• PROBLEM REQUIREMENTS:
Using the entries below, copy exactly each line from the line with "c1cf6d0a95f GUCCI GG0102S" up to and including the line with "Hossein Jahangiri &", with every picture left out.

• MATERIAL SUPPLIED:
↓↓↓
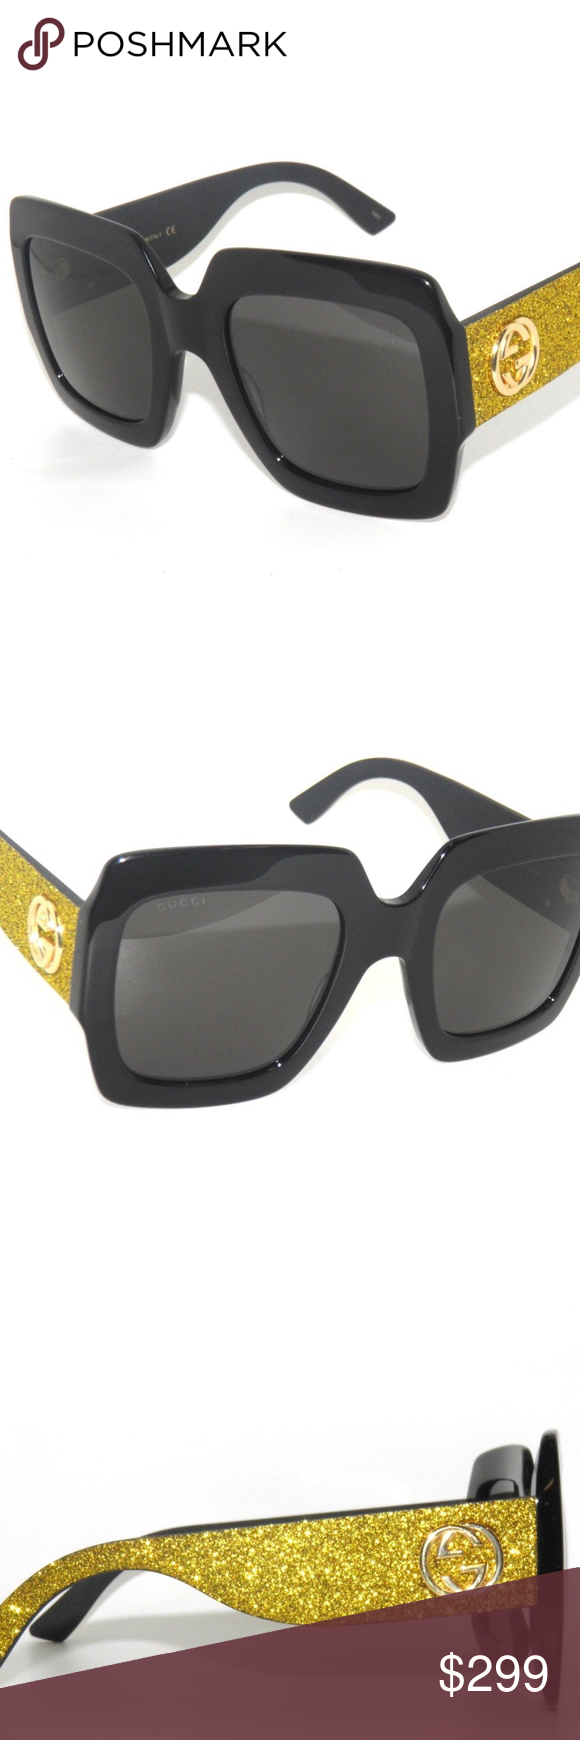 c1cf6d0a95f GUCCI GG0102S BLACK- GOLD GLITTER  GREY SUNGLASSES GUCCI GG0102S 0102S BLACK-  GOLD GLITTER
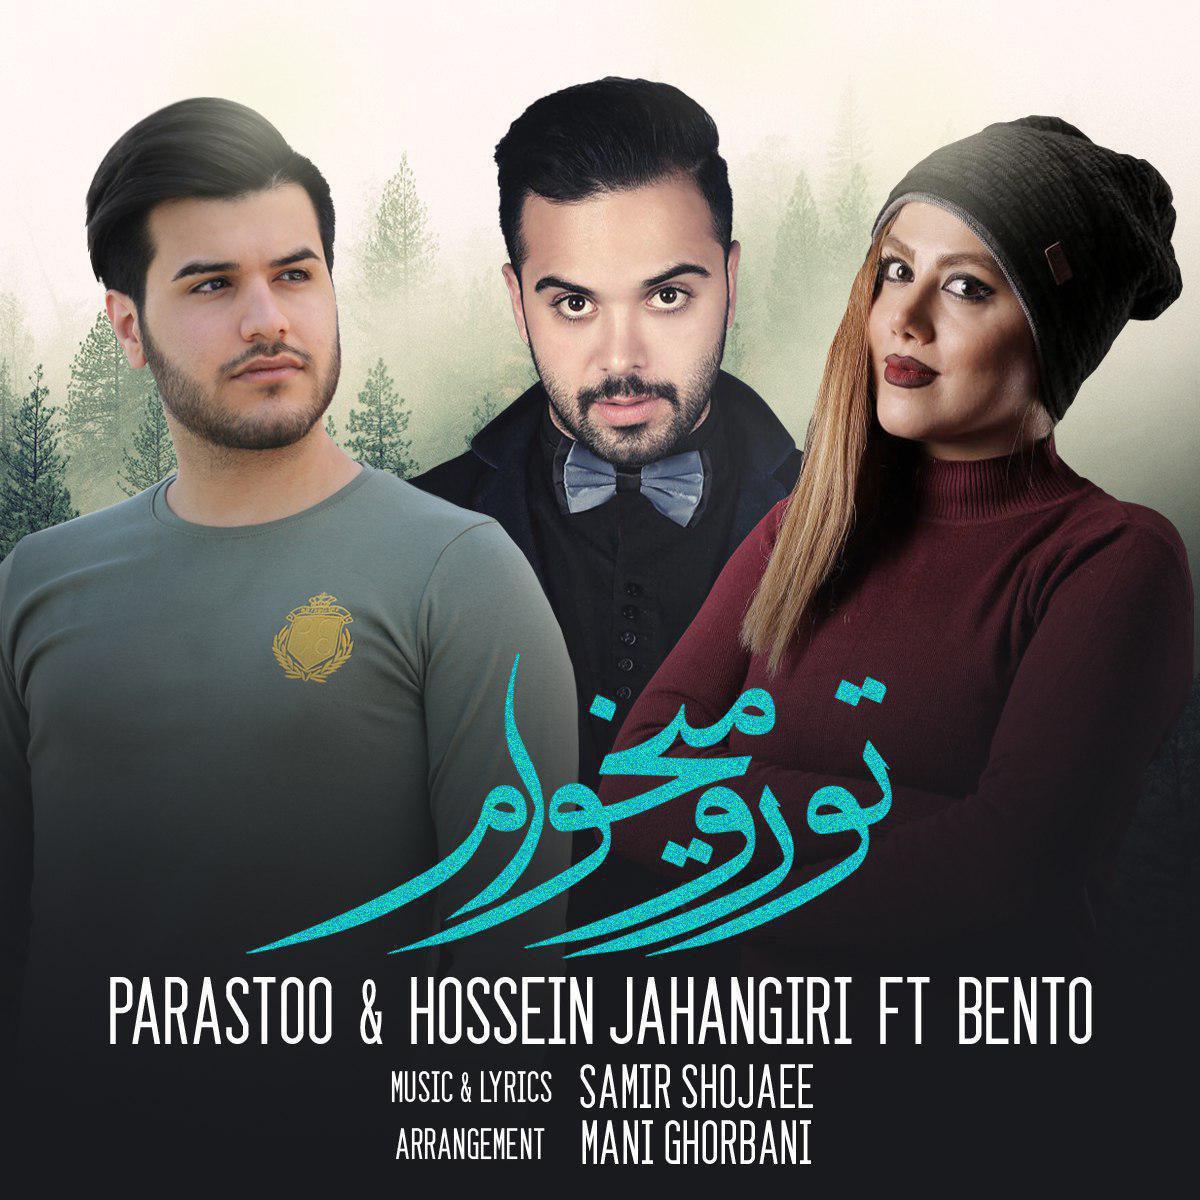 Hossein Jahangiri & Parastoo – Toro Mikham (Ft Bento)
↑↑↑
↓↓↓
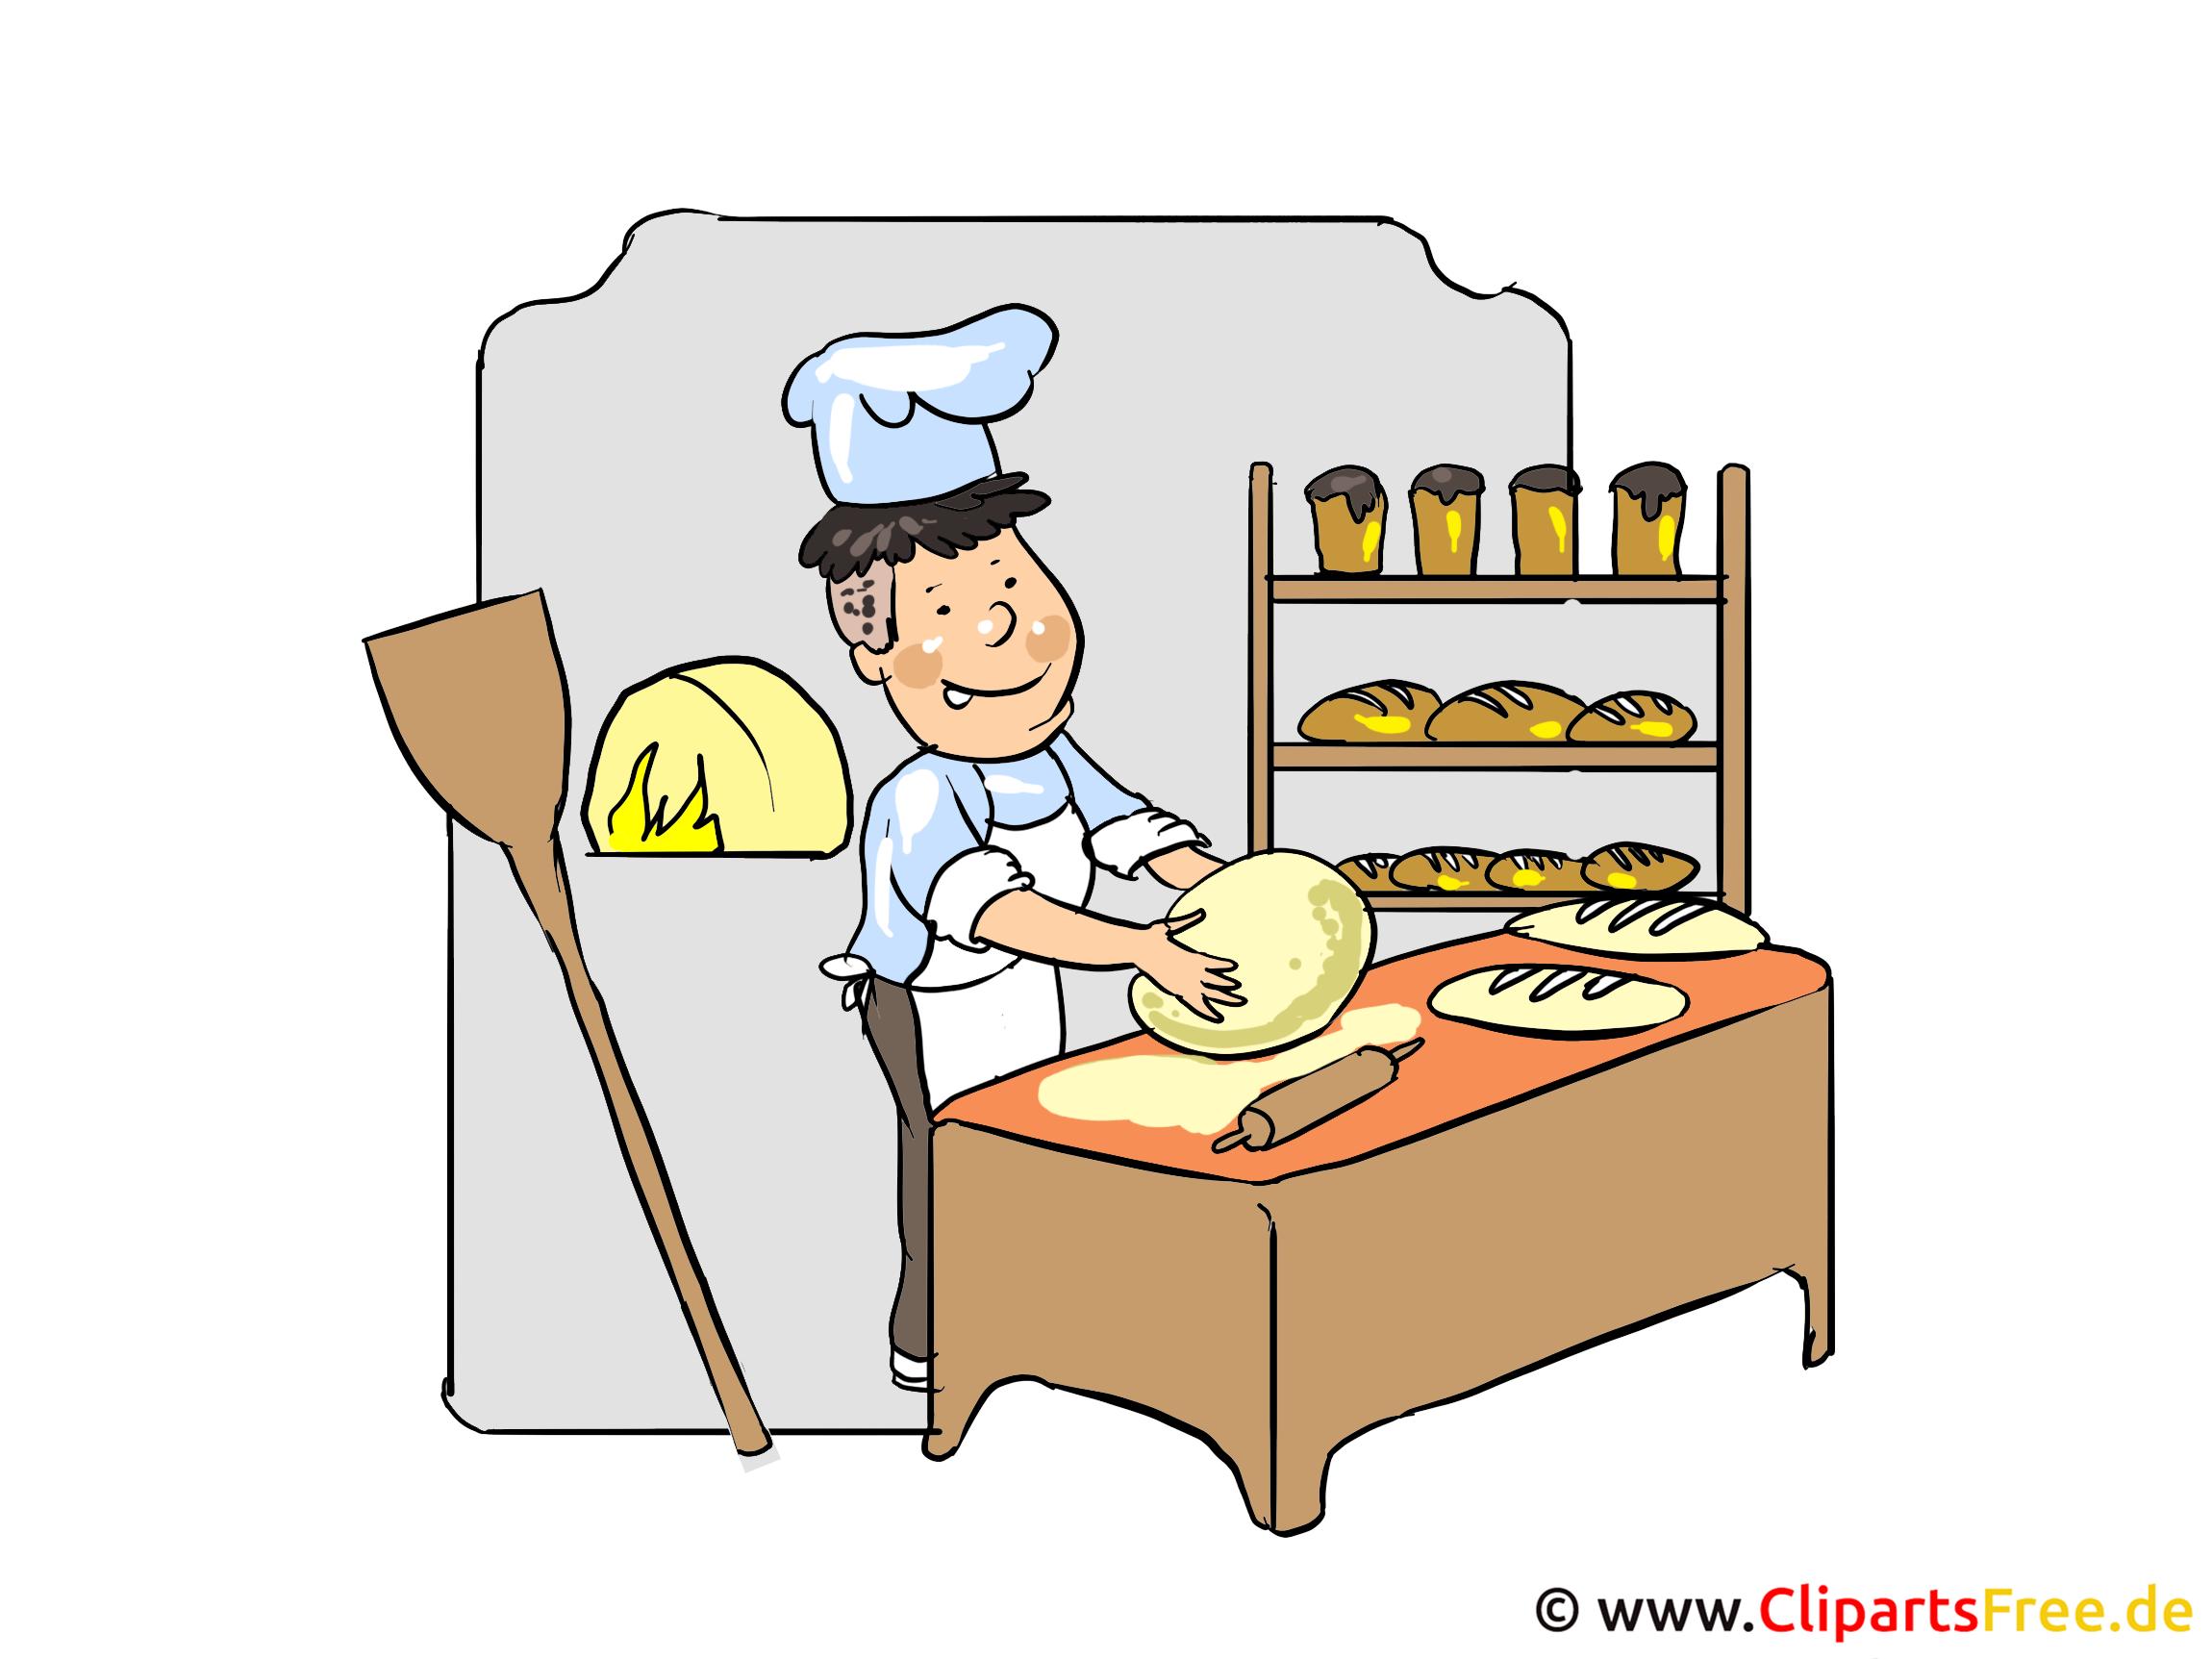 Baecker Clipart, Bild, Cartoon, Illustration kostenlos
↑↑↑
• THE COMPLETED TASK:
 c1cf6d0a95f GUCCI GG0102S BLACK- GOLD GLITTER  GREY SUNGLASSES GUCCI GG0102S 0102S BLACK-  GOLD GLITTER
 Hossein Jahangiri & Parastoo – Toro Mikham (Ft Bento)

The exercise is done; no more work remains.